48 interpret the given data into the above equations, and will rely only on guess and check from the very beginning.

The post-pattern problem was similar in nature to the second item in the pretest, yet higher in its difficulty level. It could be solved using a similar strategy; however, the given number of cells (30) was intentionally high in order to force students to try and come up with an effective solving strategy. Instead of listing all the possibilities, which is a tedious job, they should start to notice the pattern that this problem presents. To connect cell1 to every other cell, 29 passages are needed, to connect cell2 with every other cell, except to itself and to cell1 again, 28 passages are needed, and so on…. Adding up all these cells gives 29+28+27+…+2+1=435 passages. Part ‘a’ of this item, which is to explain why no three cells are collinear, will help in evaluating students’ understanding of problem conditions.

The post-reasoning problem also presented a situation that would need mathematical logical reasoning to be solved. Students were asked to justify their work which helped the researcher in evaluating students’ level of understanding the problem situation and solving processes. The word problem stated that there were a total of 4 dozens dogs that were distributed among six differently colored kennels: blue, red, orange, yellow, green and purple.
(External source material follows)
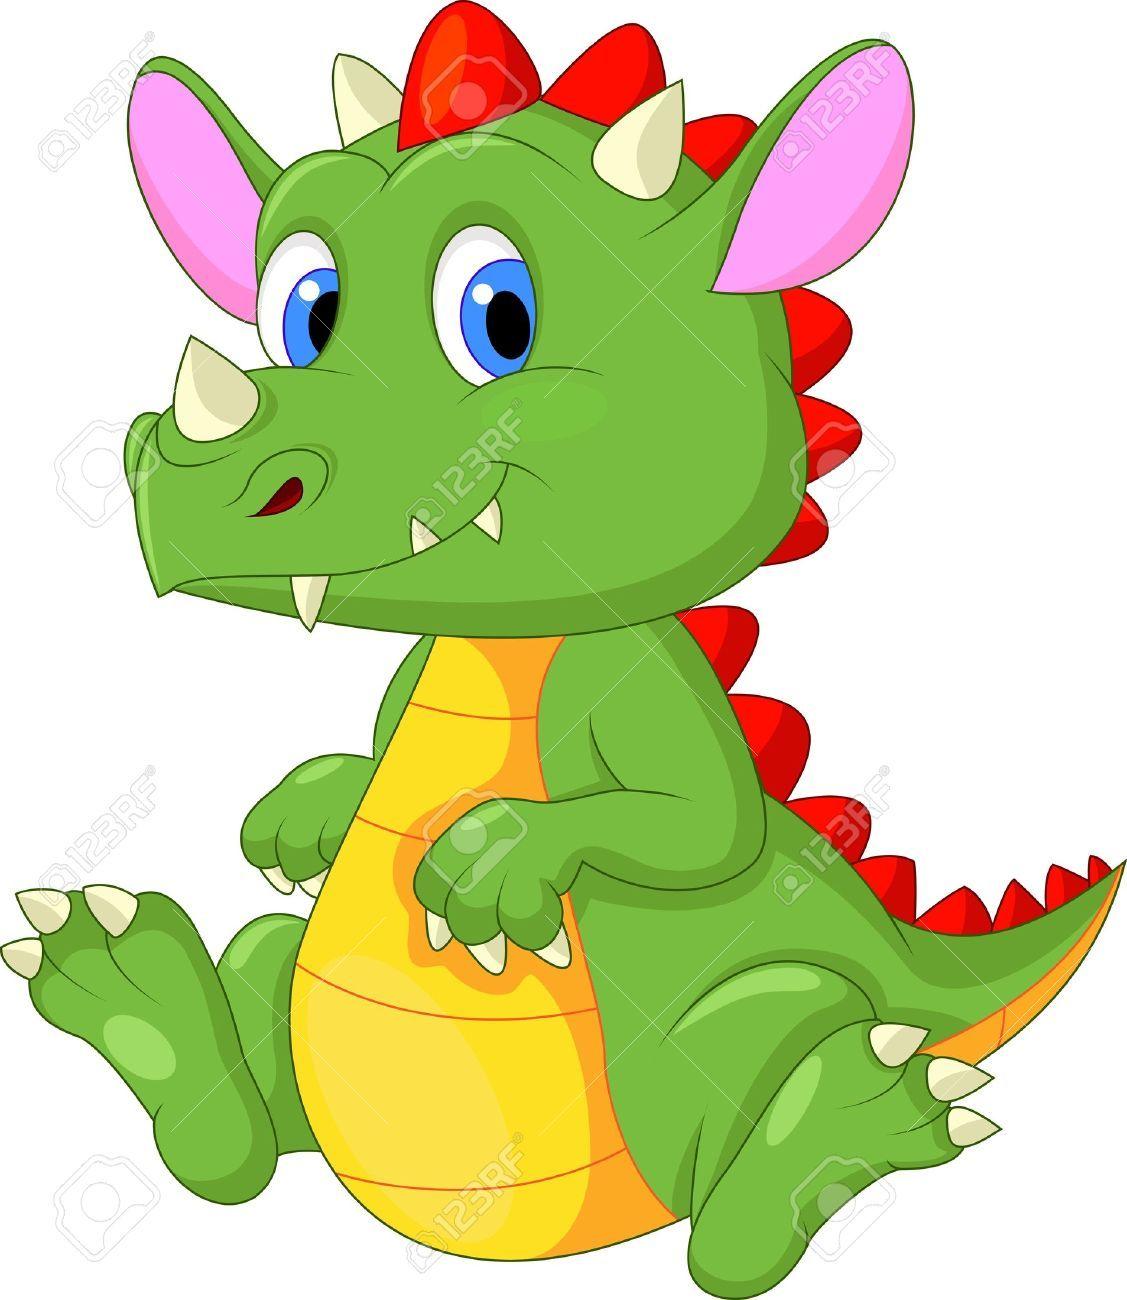 1127x1300 Cute Baby Dragon Cartoon Royalty Free Cliparts, Vectors, And Stock

To find the number of dogs in each kennel, some clues were given. In order to solve this problem effectively, the given data needs to be properly represented. Students might resort to using a diagram that shows the six kennels, with the given clues written next to each kennel. The easiest to start with is the orange kennel, because it is clearly given that it is the largest kennel with ten dogs in it. Since the orange kennel has the largest number of dogs, students should keep in mind that no other kennel should

49 contain ten or more dogs. The second clue states that the smallest kennel has six dogs in it, but the color is not known. The yellow and green kennels has the same number of dogs, so students may use a variable to represent this number, for example D. A third clue states that there are 13 dogs in both the red and blue kennels which should contain the smallest number of dogs. So now, students should reason that either the red or the blue is the smallest kennel and thus one of them should contain 6 dogs, as stated in the given information, and the other should has 7 in order to add up to 13. However, it is not yet known which color is for each kennel. The last clue should help in determining this. The purple kennel has 2 more dogs than the blue kennel, so it can either have 6+2=8 dogs or 7+2=9 dogs. The students should then consider each of the two possibilities in order to determine what the correct answer is. If there were 8 dogs in the purple kennel then the sum of all the dogs in all kennels would be represented by this equation: 6+7+10+D+D=48, which when solved would give D=8.5 dogs which is not a possible answer. However, if there were 9 dogs in the purple kennel, the solution would be D= 8 dogs in each of the yellow and green kennels. This is a valid answer. Thus, the red kennel has 6 dogs, and the blue has 7 dogs, the orange has 10, the yellow and green has 8 in each, and the purple has 9 dogs. It has to be mentioned here that students do not need to use an equation to solve this problem. A less advanced strategy would be to add up the known number of dogs which is 32 dogs, and then subtract this from the total of 48 dogs which would give 16 dogs to be distributed equally among the yellow and green kennels and so 8 dogs in each.